- **WHAT NEEDS TO BE DONE**
Pictures appear among the records below and must be omitted. Repeat exactly the lines from the line with "Typography Trends 2021 image" to the line with "Dita Von Teese model", both included.

- **EXERCISE DATA**
┄┄┄┄┄┄

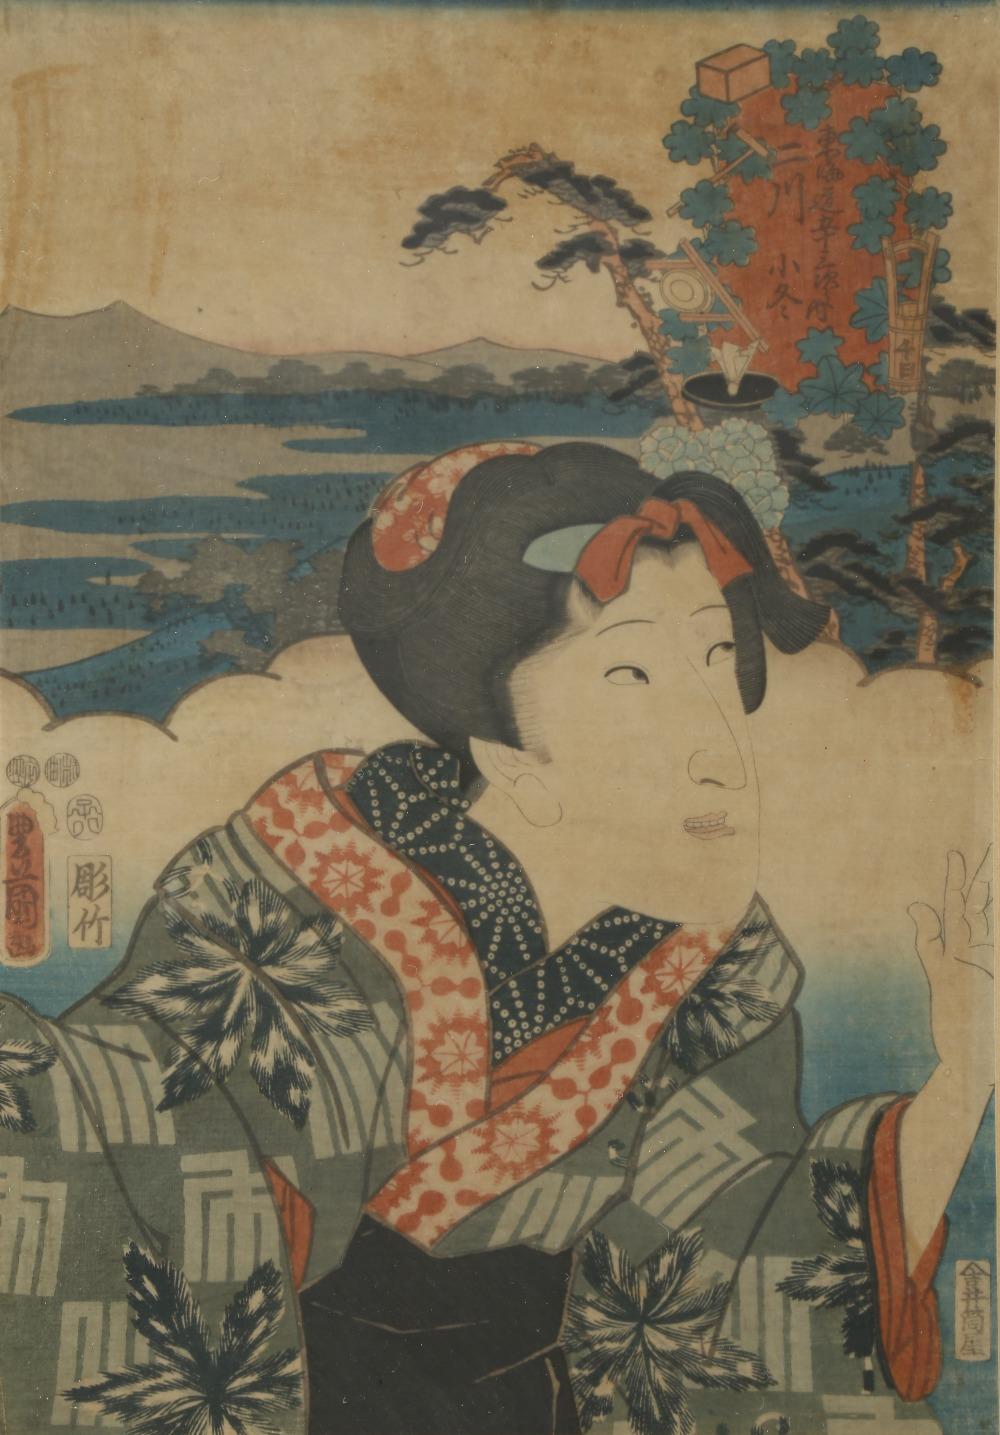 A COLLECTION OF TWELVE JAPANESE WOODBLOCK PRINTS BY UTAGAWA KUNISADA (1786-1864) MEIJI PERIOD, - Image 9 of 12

┄┄┄┄┄┄

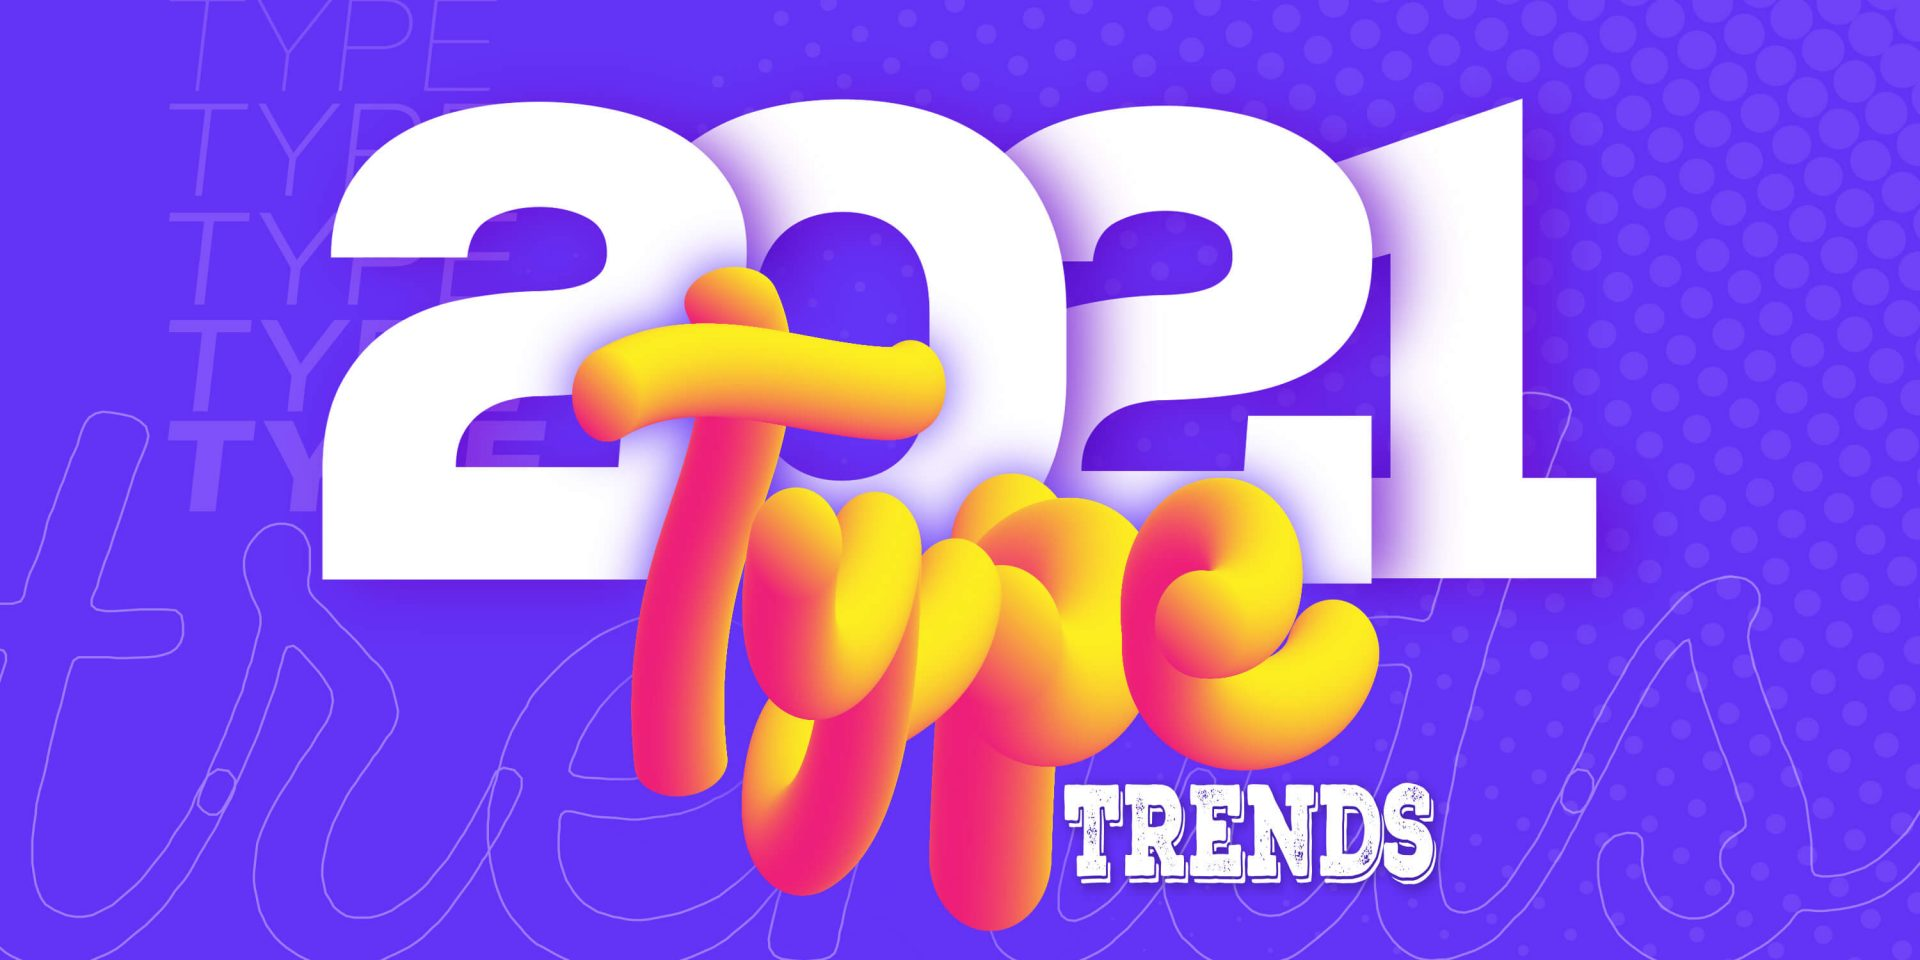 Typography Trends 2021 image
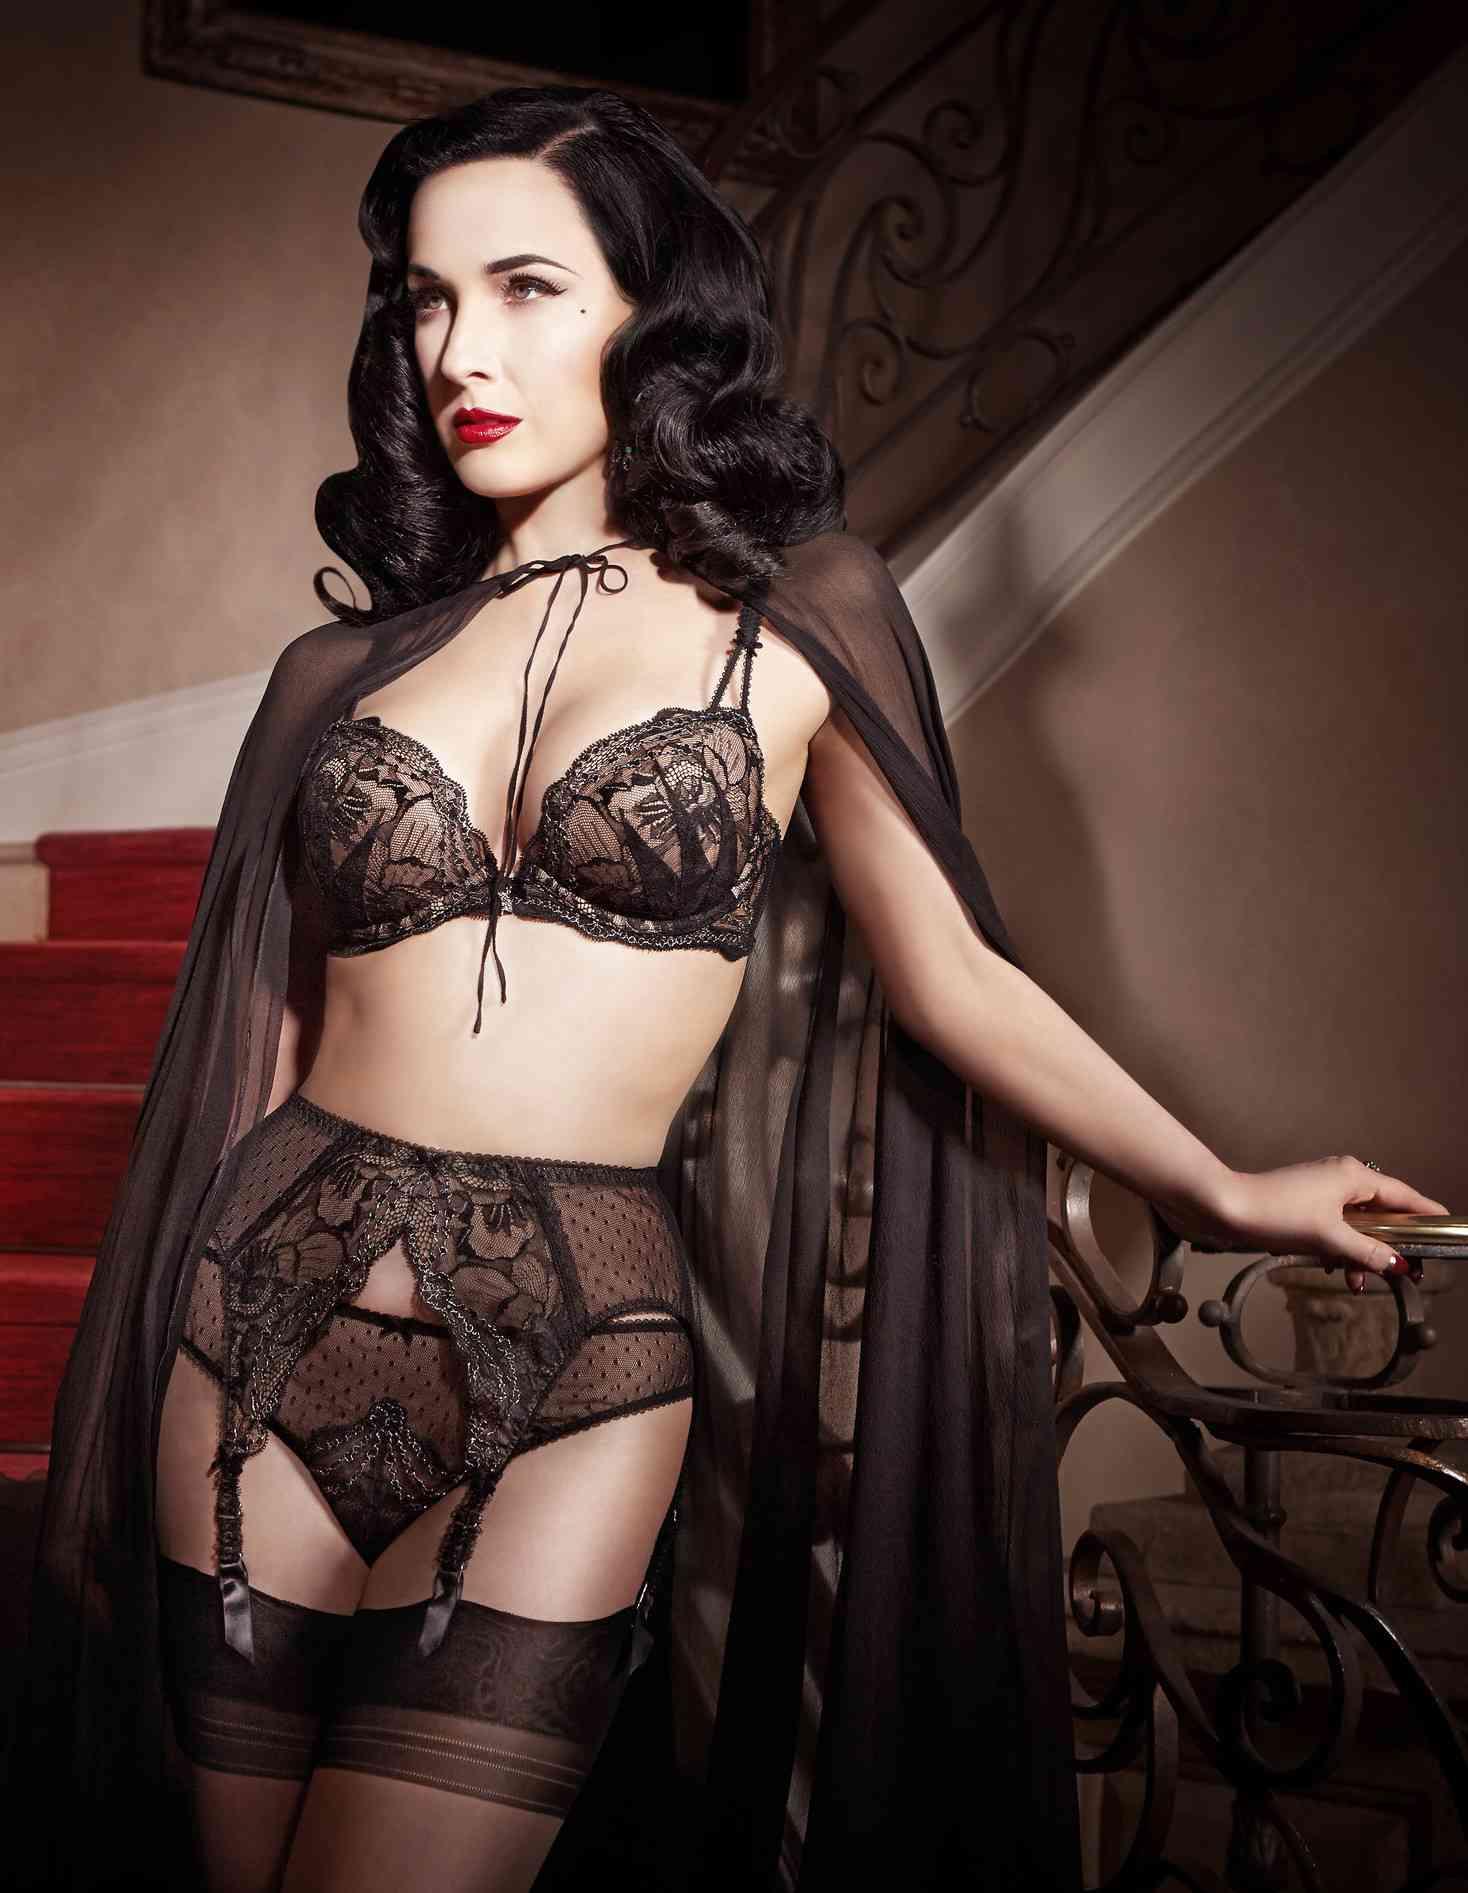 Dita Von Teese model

┄┄┄┄┄┄

- **TASK RESPONSE**
 Typography Trends 2021 image
 Dita Von Teese model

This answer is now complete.